Lorikeet also produces a series of other file formats which you should be generally familiar with like txt and tsv files. Among these however are the ANI files (consensus_ani.tsv, population_ani.tsv, and subpopulation_ani.tsv) which pairwise matrices comparing the various ANI values between samples (non-diagonal cells) and the ANI values of a sample compared to the reference (diagonal cells).

ANI

The average nucleotide identity (ANI) is a similarity index between a given pair of genomes that can be applicable to prokaryotic organisms independently of their G+C content. There is some debate about what ANI value should represent the cutoff for two genomes to represent the same species but values usually sit at either > 95% (or 0.95) or > 97% ANI (or 0.97). The ANI values typically produced by Lorikeet are typically much closer to 100% (or 1.0) than what is conventionally seen as we are measuring diversity at a much finer scale. Lorikeet reports ANI values between 0 and 1.0, which can be easily changed into a percentage if the user wishes to do so.

Consensus ANI

Consensus ANI, conANI, measures changes in the consensus allele seen between samples. The consensus allele being the allele with the highest read depth in a given sample. The consensus allele is typically seen to represent the dominant allele within community. Using only consensus ANI ignores any other diversity that may be present with in the community.

Population ANI

Population ANI, popANI, measures changes in the shared allelic composition of two communities. The population ANI between two communities deviates away from 1.0 if those communities share no common allele at a given position.

Subpopulation ANI

Subpopulation ANI, subpopANI, also measures changes in the shared allelic composition of two communities. However, subpopANI deviates away from 1.0 if those two communities do not share all the exact same alleles at a given position. As such, it is much more sensitive changes in positions where more than two alleles are present in the community.

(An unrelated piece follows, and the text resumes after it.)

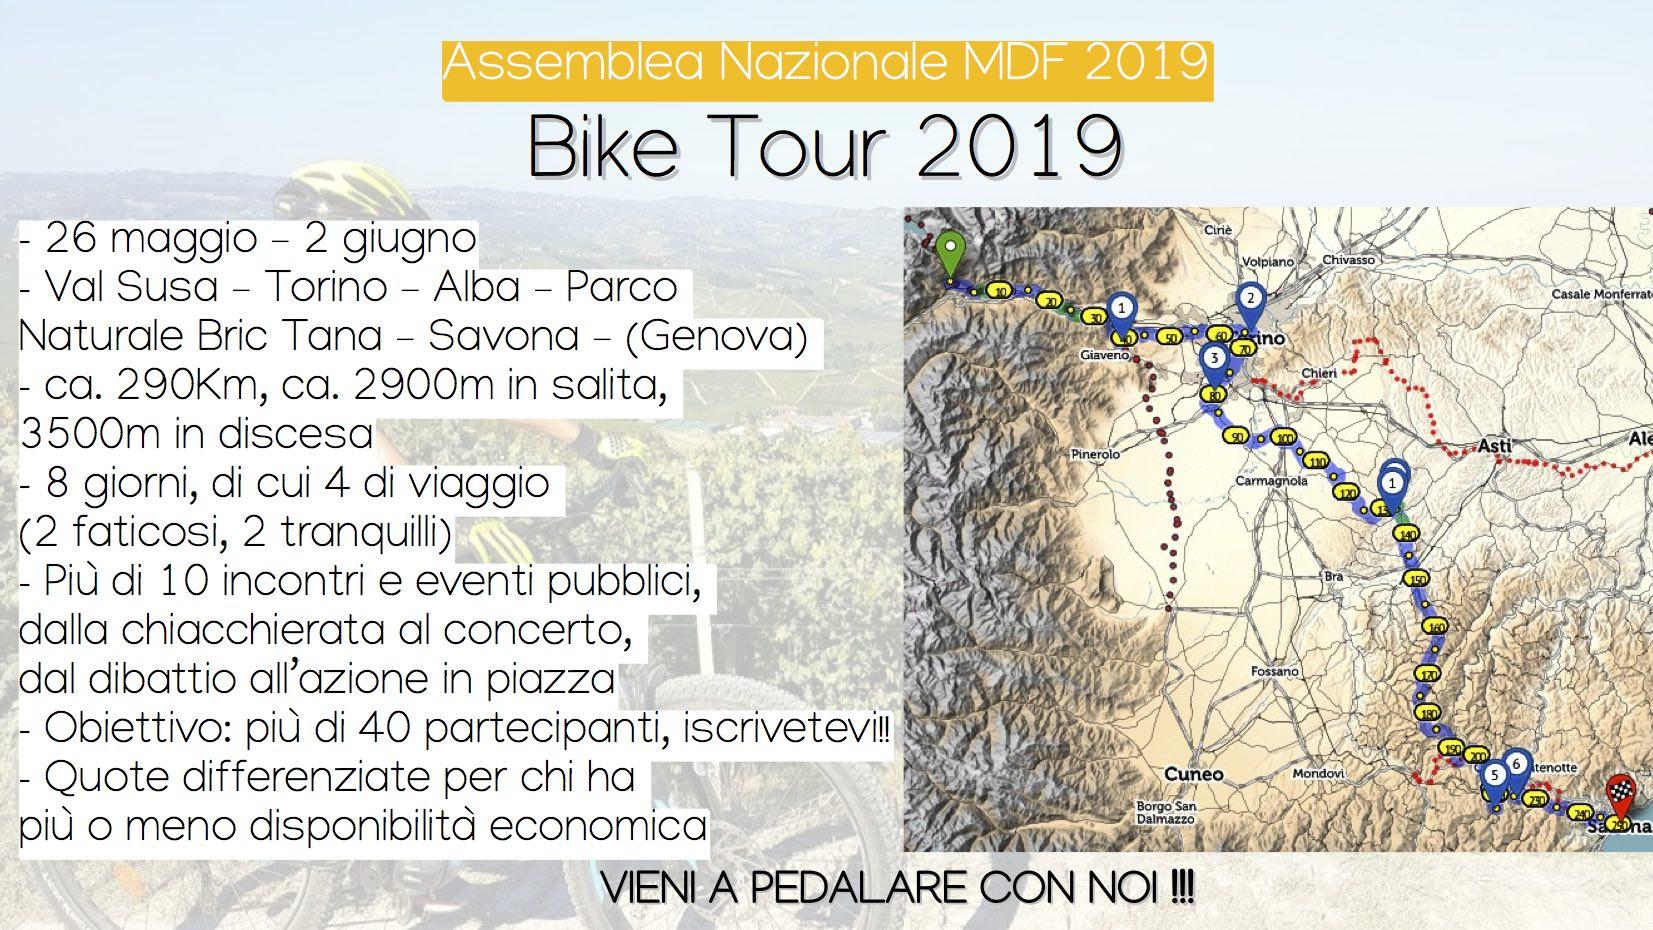 bike tour 2019

As an example, please refer to the following table displaying when each ANI measurement would deviated away from 1.0:

Strains

It has been said that "there is no universally accepted definition for the terms 'strain', 'variant', and 'isolate' in the virology community, and most virologists simply copy the usage of terms from others".1

For the purposes of Lorikeet, A strain is a genetic variant or subtype of a microorganism (e.g., a virus, bacterium or fungus). Within a microbial community, multiple strains of the same species can be present and can be measured by analyzing what variants are present in the community when compared to some reference genome. Ideally, this reference genome has been created from the microbial community being examined but this is not always possible.

Variant

Variants are the main tool with which we have to observe strains. They represent changes in our community compared to some reference genome. Variant can come in a variety of forms but the main three that Lorikeet identifies are:

SNPs

Single nucleotide polymorphisms (SNPs) represent single point changes against a reference. For example, the reference might contain an "A" at position 100 on contig 1, whilst a SNP at this position might suggest that a "G" is instead present here. SNPs are common and represent the vast majority of variants found within a community. If a SNP occurs within a coding region then it can be classified as either synonymous (No change in the encoded protein) or non-synonymous (changes the encoded protein).

INDELs

Insertions and Deletions (INDELs) represent a much more destructive form of variant. Insertions represent positions where bases have been "inserted" compared to the reference, while deletion represent "deleted" bases. INDELs can be small (only a couple of bases) or large (100s of bases), but even small INDELs can completely destroy a coding region.

MNVs

Multinucleotide variants (MNVs) sit somewhere between a SNP and an INDEL. They represent multiple nucleotide changes that are consistently seen with each other. MNVs can be a short chain of SNPs, or SNPs and INDELs.

Variant Group

A variant group is a set of variants that appear to cluster together across samples. This suggests that these variants are typically seen together in the same organism. A variant group does not usually represent a strain, as strains are built from multiple variant groups.